Section 27-27-40

Loans by domestic insurers.

(a) A domestic stock or mutual insurer may borrow money to defray the expenses of its organization, provide it with surplus funds or for any purpose of its business, upon a written agreement that such money is required to be repaid only out of the insurer's surplus in excess of that stipulated in such agreement. The agreement may provide for interest at a reasonable rate per annum, which interest shall, or shall not, constitute a liability of the insurer as to its funds other than such excess of surplus, as stipulated in the agreement. No commission or promotion expense shall be paid in connection with any such loan.

(b) Money so borrowed, together with the interest thereon if so stipulated in the agreement, shall not form a part of the insurer's legal liabilities except as to its surplus in excess of the amount thereof stipulated in the agreement or be the basis of any setoff, but, until repaid, financial statements filed or published by the insurer shall show as a footnote thereto the amount thereof then unpaid together with any interest thereon accrued but unpaid.

(c) Any such loan shall be subject to the commissioner's approval. The insurer shall, in advance of the loan, file with the commissioner a statement of the purpose of the loan and a copy of the proposed loan agreement. The loan and agreement shall be deemed approved unless, within 15 days after date of such filing, the insurer is notified of the commissioner's disapproval and the reasons therefor. The commissioner shall disapprove any proposed loan or agreement if he finds the loan is unnecessary or excessive for the purpose intended, or that the terms of the loan agreement are not fair and equitable to the parties and to other similar lenders, if any, to the insurer or that the information so filed by the insurer is inadequate.

(d) Any such loan, or substantial portion thereof, shall be repaid by the insurer when no longer reasonably necessary for the purpose originally intended.
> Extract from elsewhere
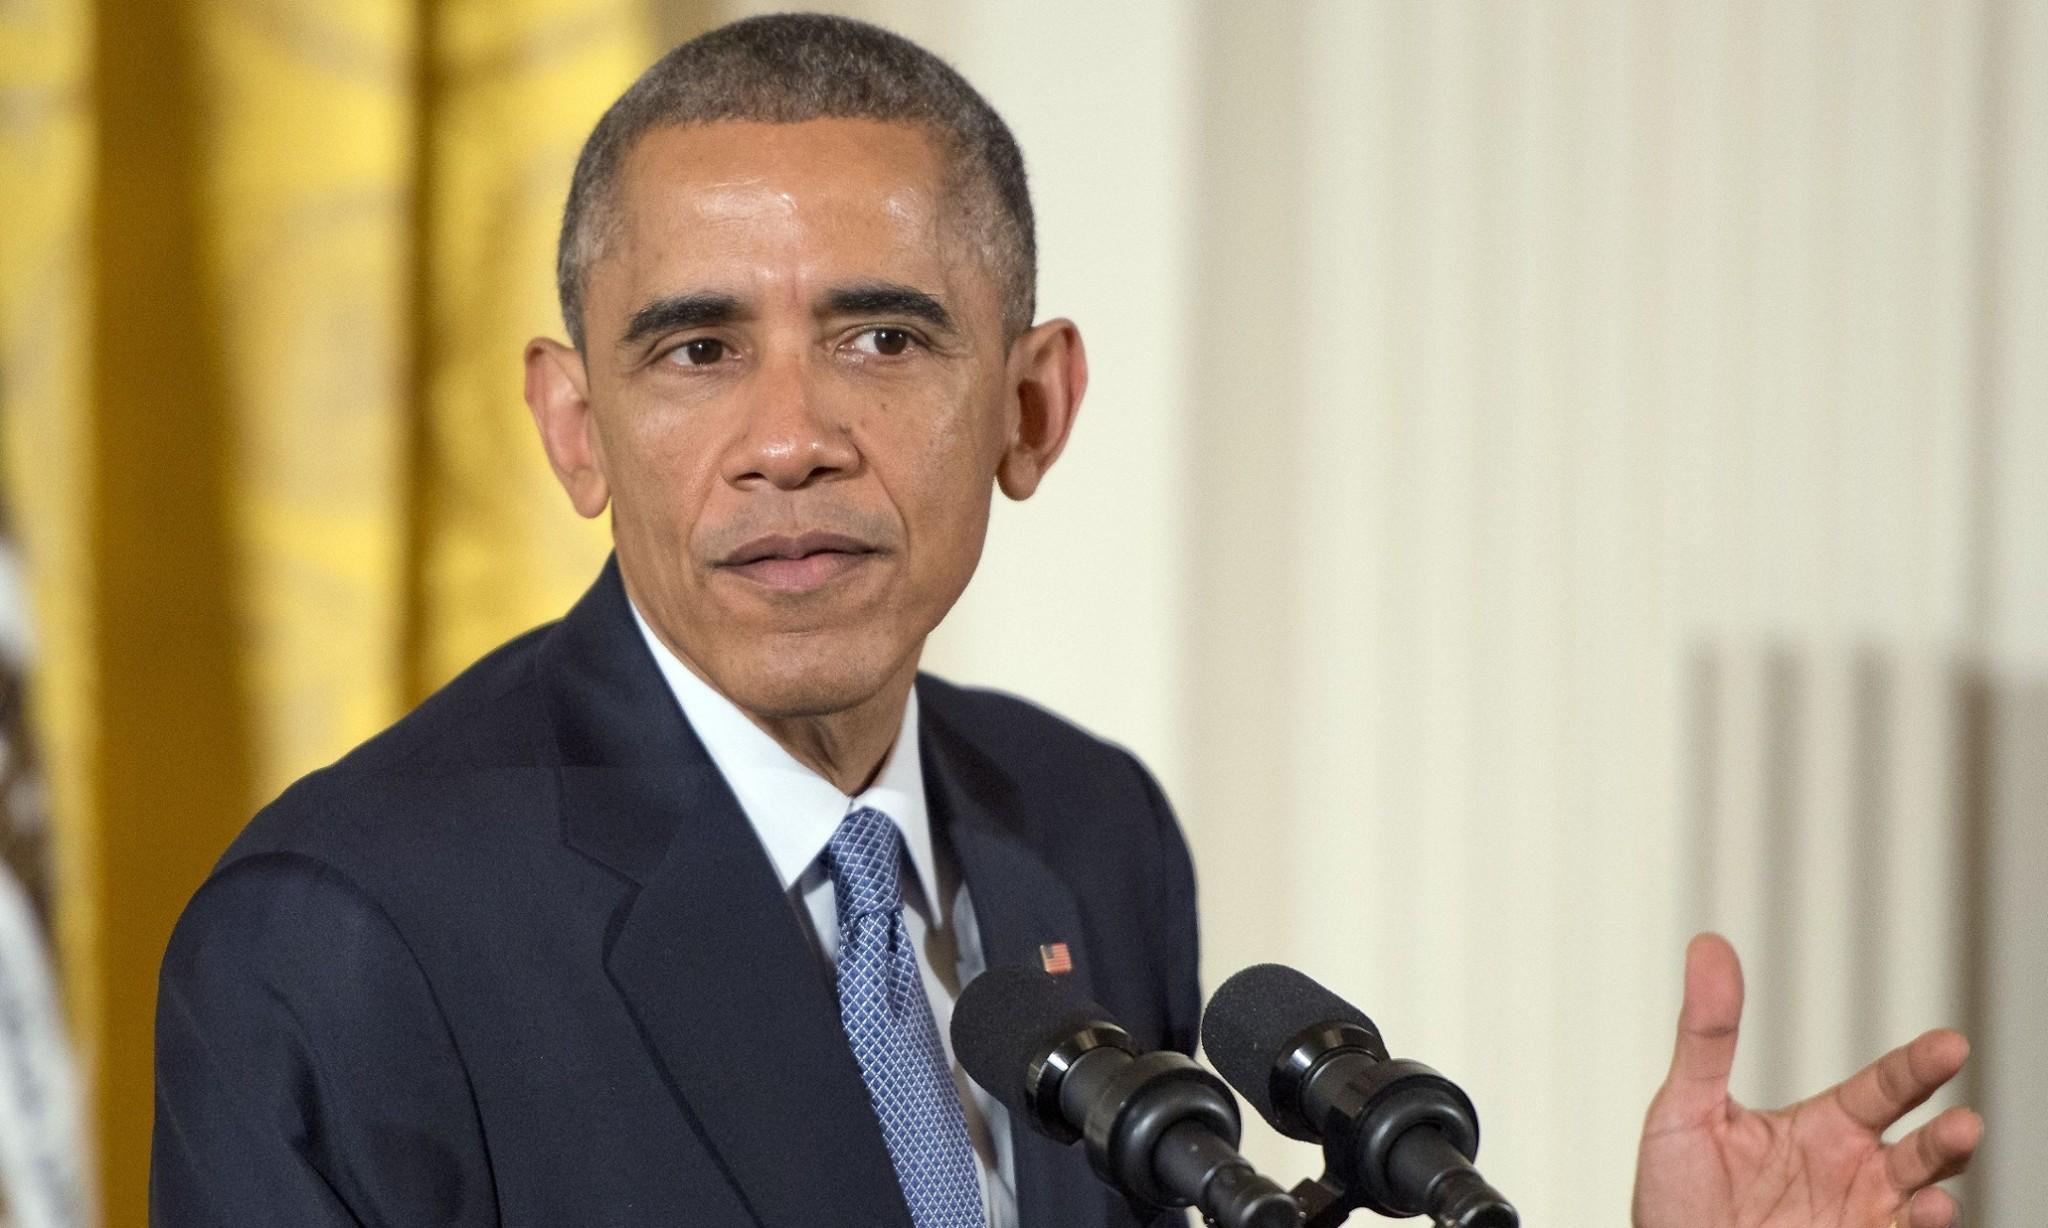 White House to revive NSA surveillance legislation during next Congress

No repayment of such a loan shall be made, unless in advance approved by the commissioner.

(e) This section shall not apply to any loan other than one obtained upon a written agreement that such loan is required to be repaid only out of the insurer's surplus in excess of that stipulated in such agreement.

(f) The value of the surplus debenture issued under this section shall not be considered as the deciding authority for valuing the asset received for the above note, but shall only be taken into account with all other factors in determining admitted value.

(Acts 1971, No. 407, p. 707, §536; Acts 1980, No. 80-728, p. 1470.)